A diferenciação do sagrado e profano irá determinar por consequência quais tribos,


classes ou indivíduos detêm o poder e o status. É sob esse contraste que se decidirá o que
pode e não pode ser feito dentro da comunidade. Ou seja, “O princípio pelo qual se atribui
aos homens posição e função permanece o mesmo: a polaridade social é ainda um reflexo
e uma consequência da polaridade religiosa.”

É interessante antes de prosseguirmos, parar a analisar um pouco do que diz Norbert


Elias, outro sociólogo francês, de um período pouco distante de Hertz. No seu estudo da
Teoria Simbólica, ele irá constatar que o mundo humano, :

“ consiste de dois universos diferentes, um dos quais é caracterizado pela palavra de código
"natureza" e o outro pela de "história" ou "cultura”,” ou seja, “ um mundo que pode ser
representado muito claramente através de símbolos de regularidades imutáveis ( natureza)
e um mundo que representa a estrutura de uma mudança sequencial incessante numa ou
duas direções complementares ( cultura)” ( Nobert Elias)

Entretanto, se atentarmos mais uma vez ao estudo de Hertz , veremos que, mesmo que
pertencente ao mundo cultural, “Toda hierarquia social afirma estar baseada na natureza
das coisas, atribuindo-se assim eternidade e evitando mudanças e ataques de inovadores

“Claro e escuro, dia e noite, leste e sul em oposição a oeste e norte, representam no
imaginário e localizam no espaço as duas classes contrárias de poderes sobrenaturais: de
um lado a vida nasce e sobe, do outro ela desce e se extingue.”
Para o homem: “O universo inteiro está dividido em duas esferas contrastantes: coisas,
seres e poderes atraem ou se repelem mutuamente, incluem ou se excluem mutuamente,
dependendo do fato de gravitarem em direção a um ou outro dos pólos.”

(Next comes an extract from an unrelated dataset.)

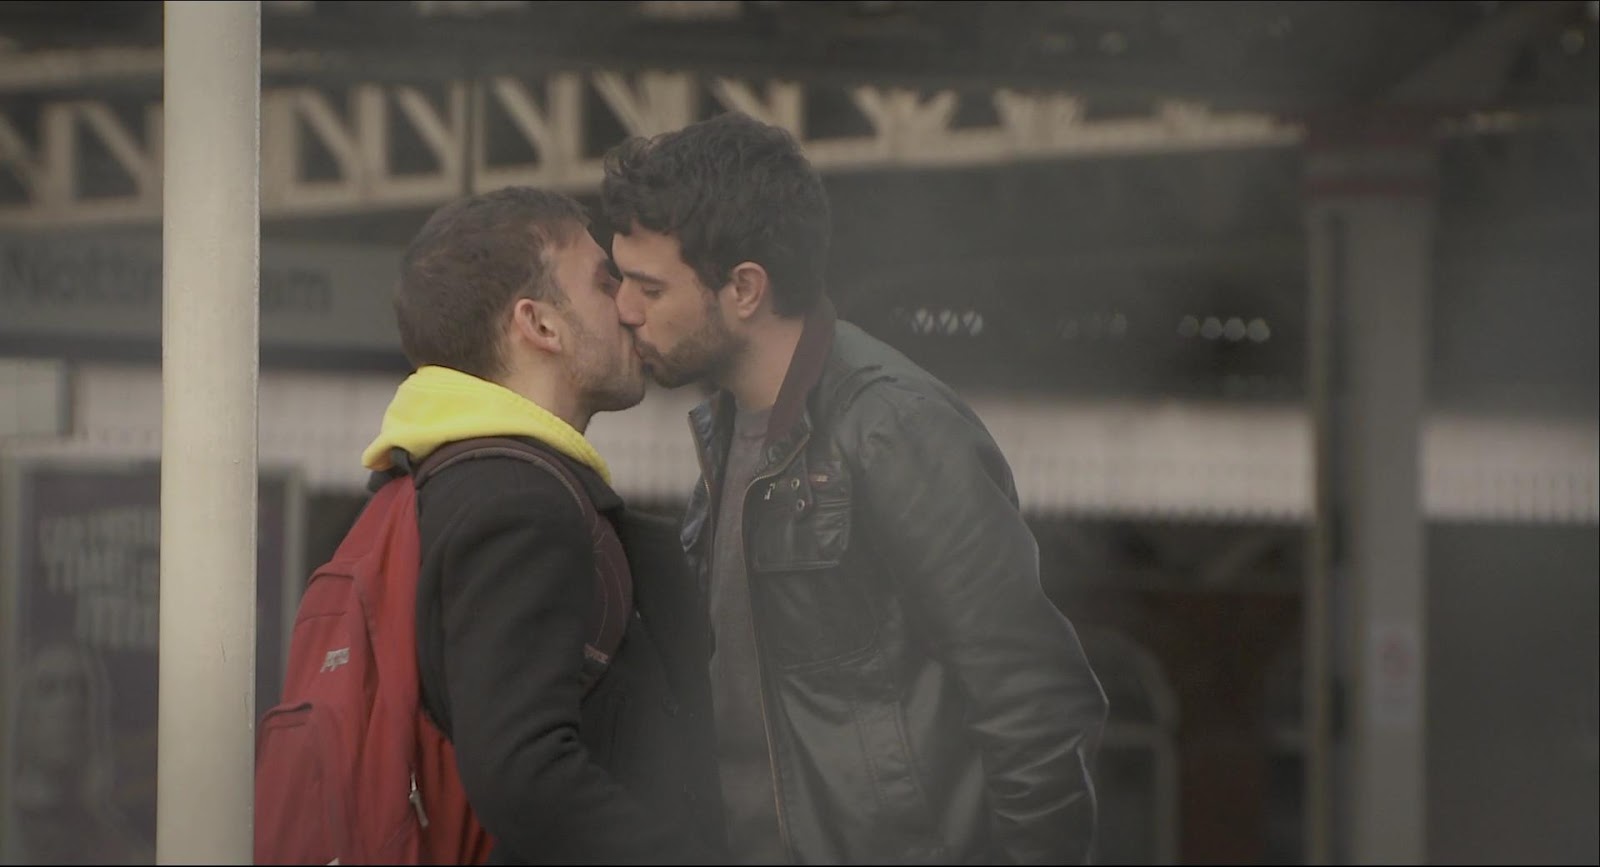 You have read this article Chris New /gay kissing /gay sex scene /rear nudi...

“ O dualismo é a essência do pensamento primitivo,” principalmente no que diz respeito à


religião,” que domina a organização social primitiva.”Ele afirma isso com tanta certeza que
irá dizer que o homem é um ser naturalmente duplo – homo duplex -” e que, é por isso ,por
exemplo,”que ele possui uma direita e uma esquerda tão profundamente diferenciadas.”

“Como pode o corpo do homem, o microcosmo, ou seja uma manifestação minúscula do


cosmos , escapar da lei da polaridade que governa tudo? A sociedade e todo o universo
têm uma lado que é sagrado, nobre e precioso e outro que é profano e comum”

Mesmo com a complexificação das antigas estruturas hierárquicas, as estruturas sociais


ainda se orientam sobre esta oposição. As castas da Índia por exemplo se dividem sobre o
parâmetro de qual está mais próxima de cada um dos pólos, sendo a base dominada
mundana e o topo dominante sacralizado.

“A mão direita é o símbolo e o modelo de toda aristocracia, a mão esquerda de todas as


pessoas comuns.”

Desta forma, passamos a enxergar fenômenos sociais hodiernos, como a intensa


polarização política e ideológica, como algo que não tem origem senão na própria natureza
da experiência humana que é a priori, dupla, marcada pelo contraste entre o sagrado e o
profano, a ordem eo caos, o ser e o não ser. Isso pode nos ajudar a entender outros
fenômenos menos claramente relacionados, mas não por isso menos influenciados, com
essa dualidade. A ideia de Bem-comum, por exemplo, só pode existir enquanto pessoas
que estão em discordância chegam a um ponto de igualdade. Ora, isso vai de encontro com
este aspecto dualista de nossa própria natureza, que busca manter os pólos bem distintos
um do outro. Portanto, como e de onde surge esta busca pelo Bem-comum ? Isso poderia
demonstrar que o humano é capaz de transcender a sua própria realidade por meio da vida
em comunidade, em que se manifestam fenômenos de ordem não propriamente definidos,
como diz Elias, mas que se configuram de acordo às circunstâncias em que surgem? Este é
um trabalho para a Antropologia em conjunto com a Sociologia, de descobrir como o
homem constrói a realidade social de acordo com a sua natureza ao mesmo tempo que
esta é transformada pela vivência em comunidade, quase que numa espécie de ciclo.